ISO 25010

Software quality models


The ISO/IEC 25010 standard defines how we talk about software quality. Instead of treating “quality” as a fuzzy idea, it breaks it into eight characteristics that can be measured and designed for.

The Eight Characteristics

  1. Functional Suitability
    Does the software do what it’s supposed to? Are all required functions present, correct, and complete?

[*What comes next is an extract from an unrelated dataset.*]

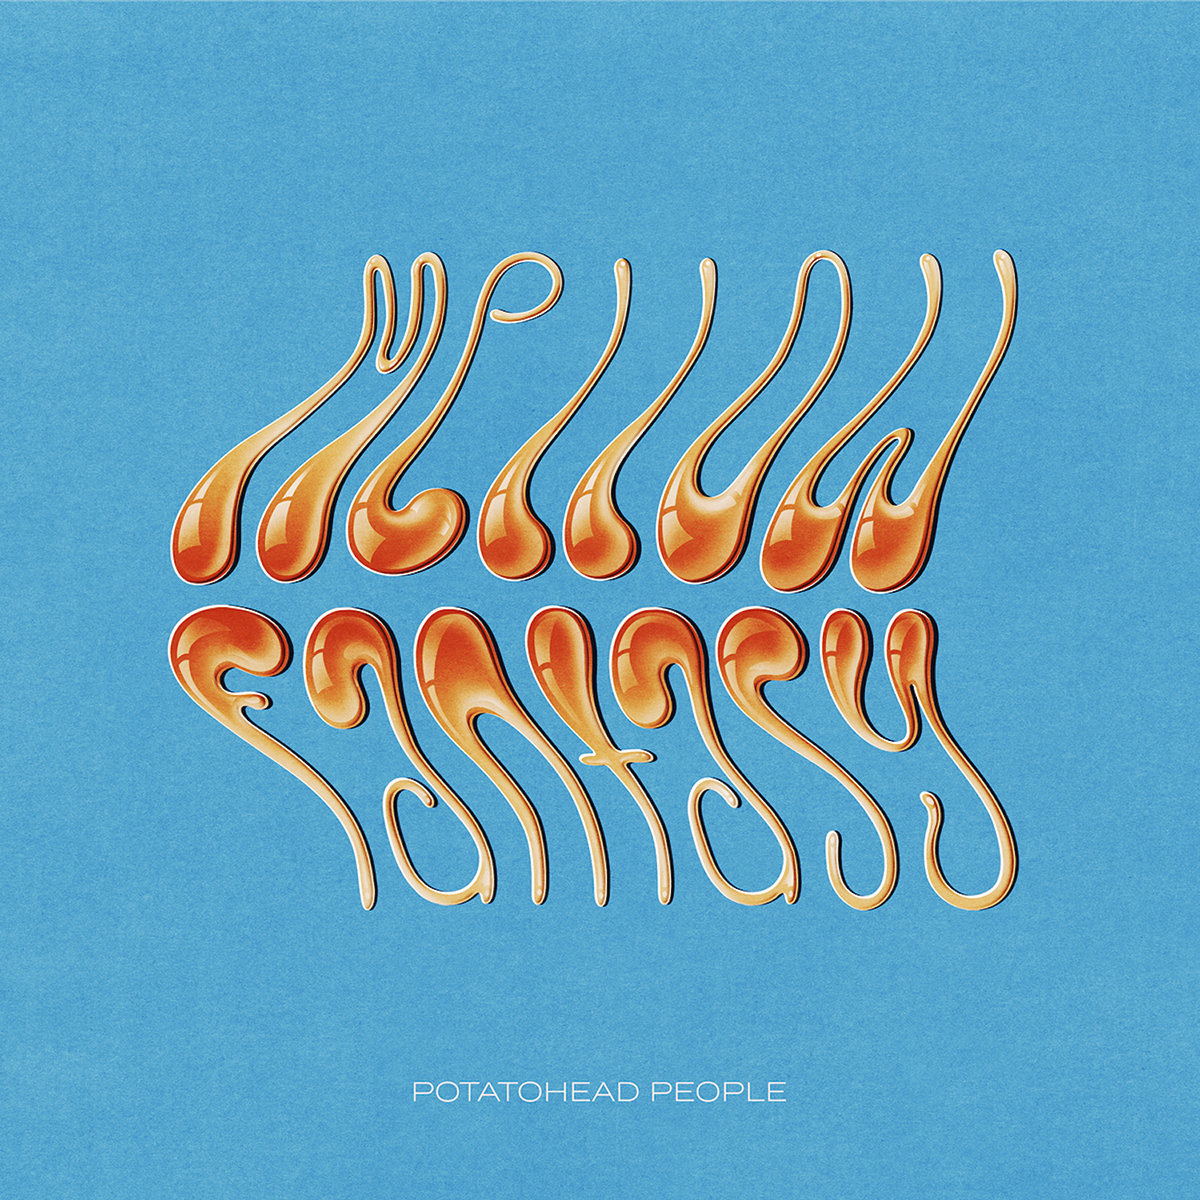 Potatohead People return with new album "Mellow Fantasy"
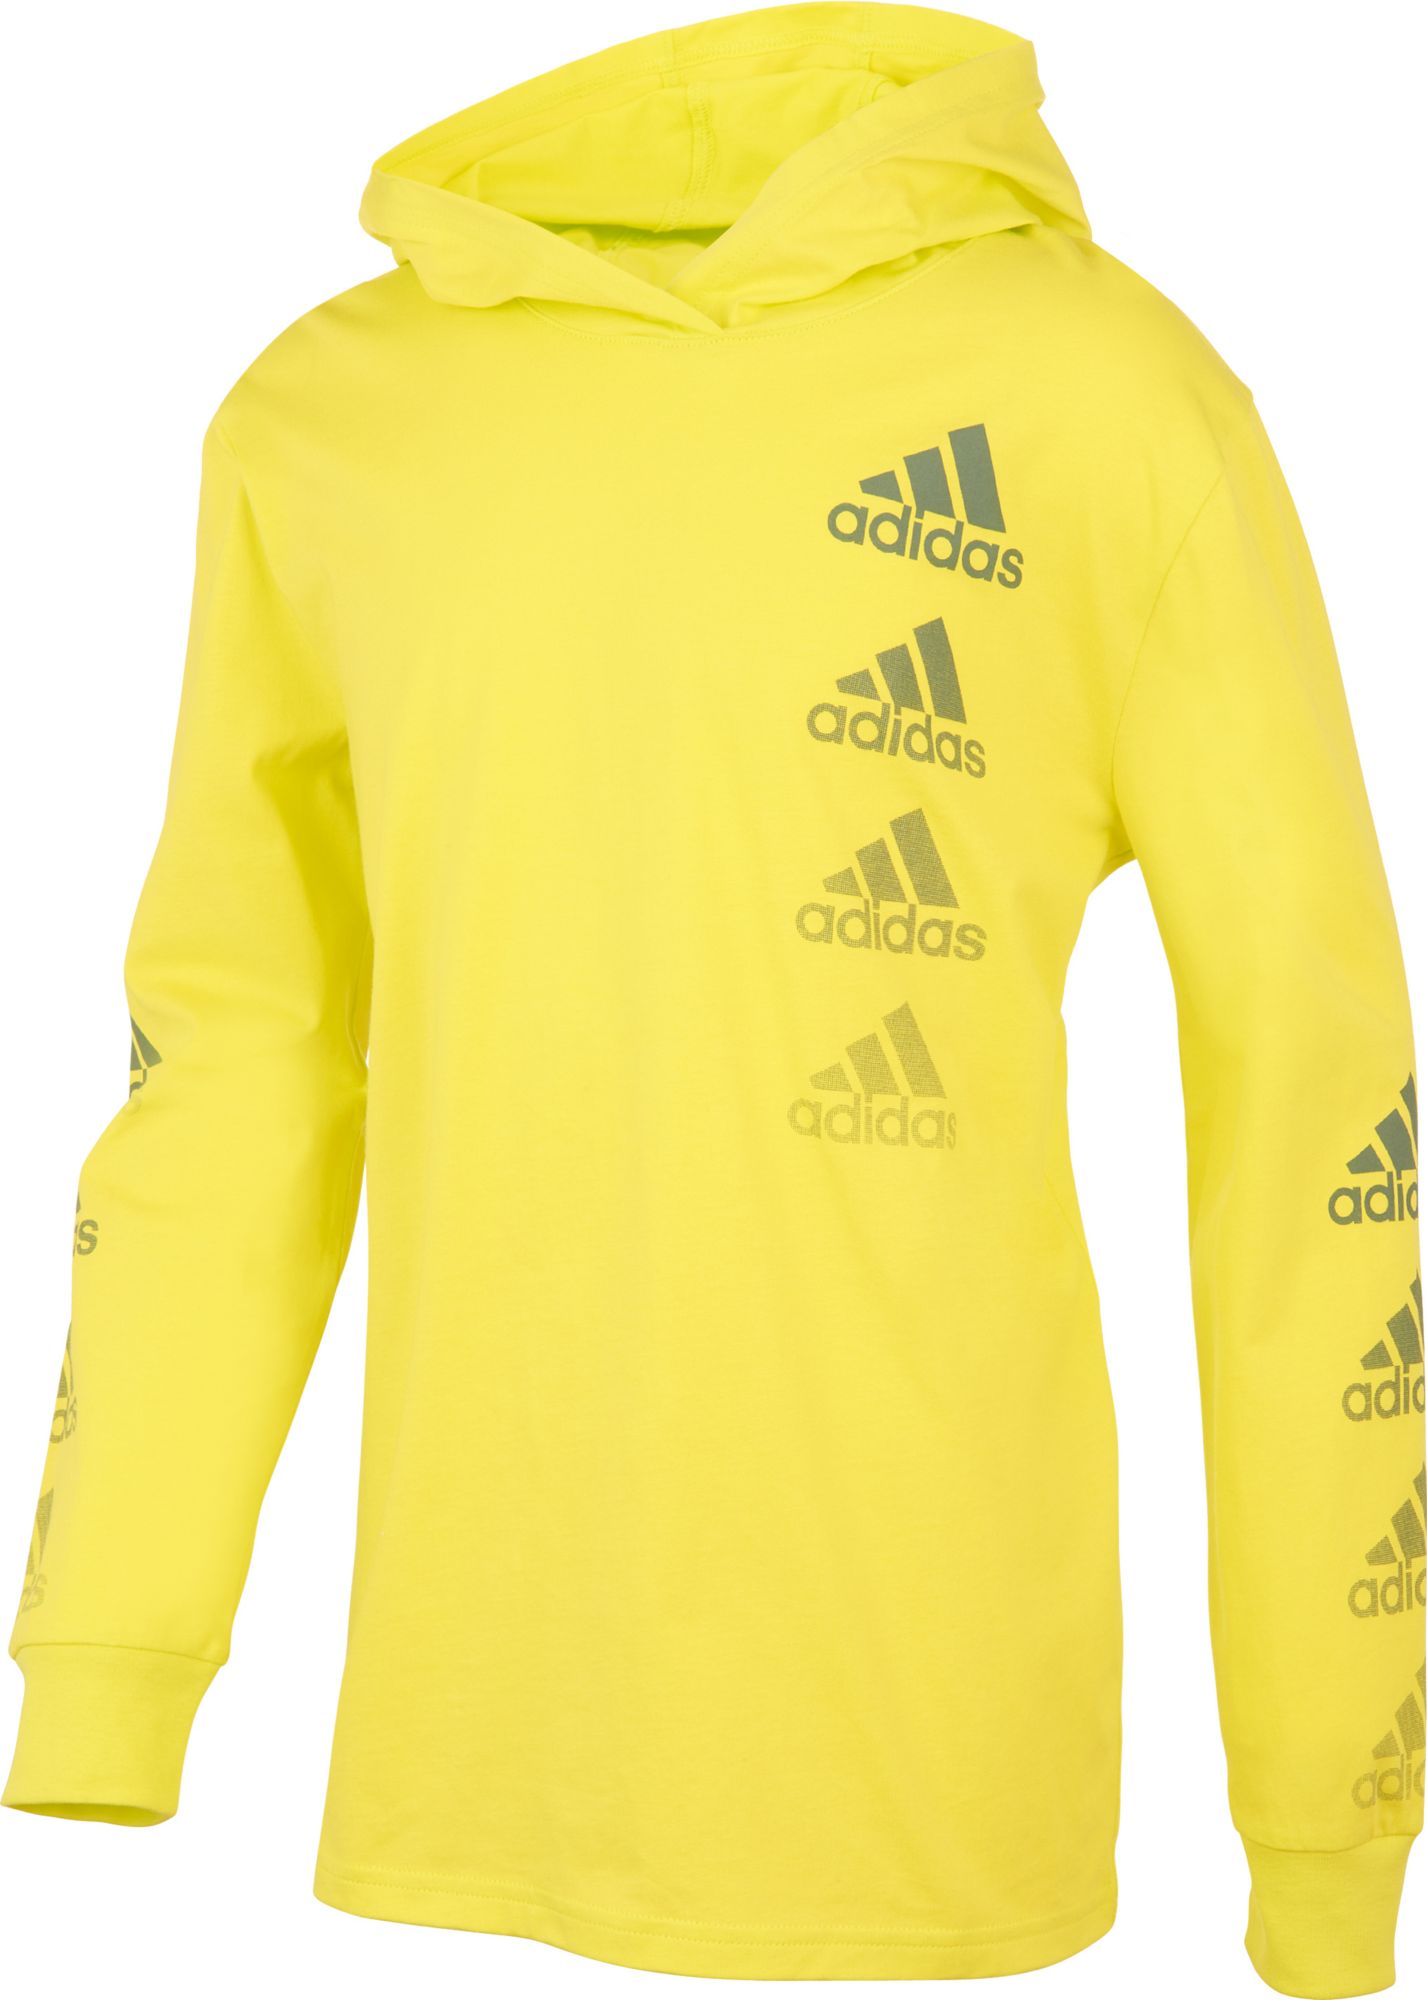 yellow adidas clothes

  2. Performance Efficiency
    How fast and resource-friendly is it? This covers response time, throughput, and memory/CPU usage.

  3. Compatibility
    Can the system work well with other systems? Does it run on different platforms or integrate smoothly with external services?

  4. Usability
    Is it easy for people to learn and use? Includes accessibility, consistency, and user satisfaction.

  5. Reliability
    How stable is it over time? Can it recover from crashes or keep running under stress?

  6. Security
    Does it protect data and resist attacks? Think authentication, authorization, encryption, and auditing.

  7. Maintainability
    How easy is it to change? Covers modularity, readability, testability, and how simple it is to fix bugs or add features.

  8. Portability
    Can it be deployed in different environments? From operating systems to cloud vs. on-premise.


Why It Matters

ISO 25010 gives software teams a shared language. Instead of saying “make it better”, stakeholders can be precise:

  • “We need performance efficiency under weak networks.”
  • “Accessibility falls under usability.”
  • “We must guarantee reliability for 24/7 uptime.”

By mapping goals to these categories, architects and developers can design systems that meet real expectations—not just technical guesses.


References:

  • International Organisation for Standardization. (2011). ISO/IEC 25010:2011 Systems and software engineering — Systems and software Quality Requirements and Evaluation (SQuaRE) — System and software quality models. ISO.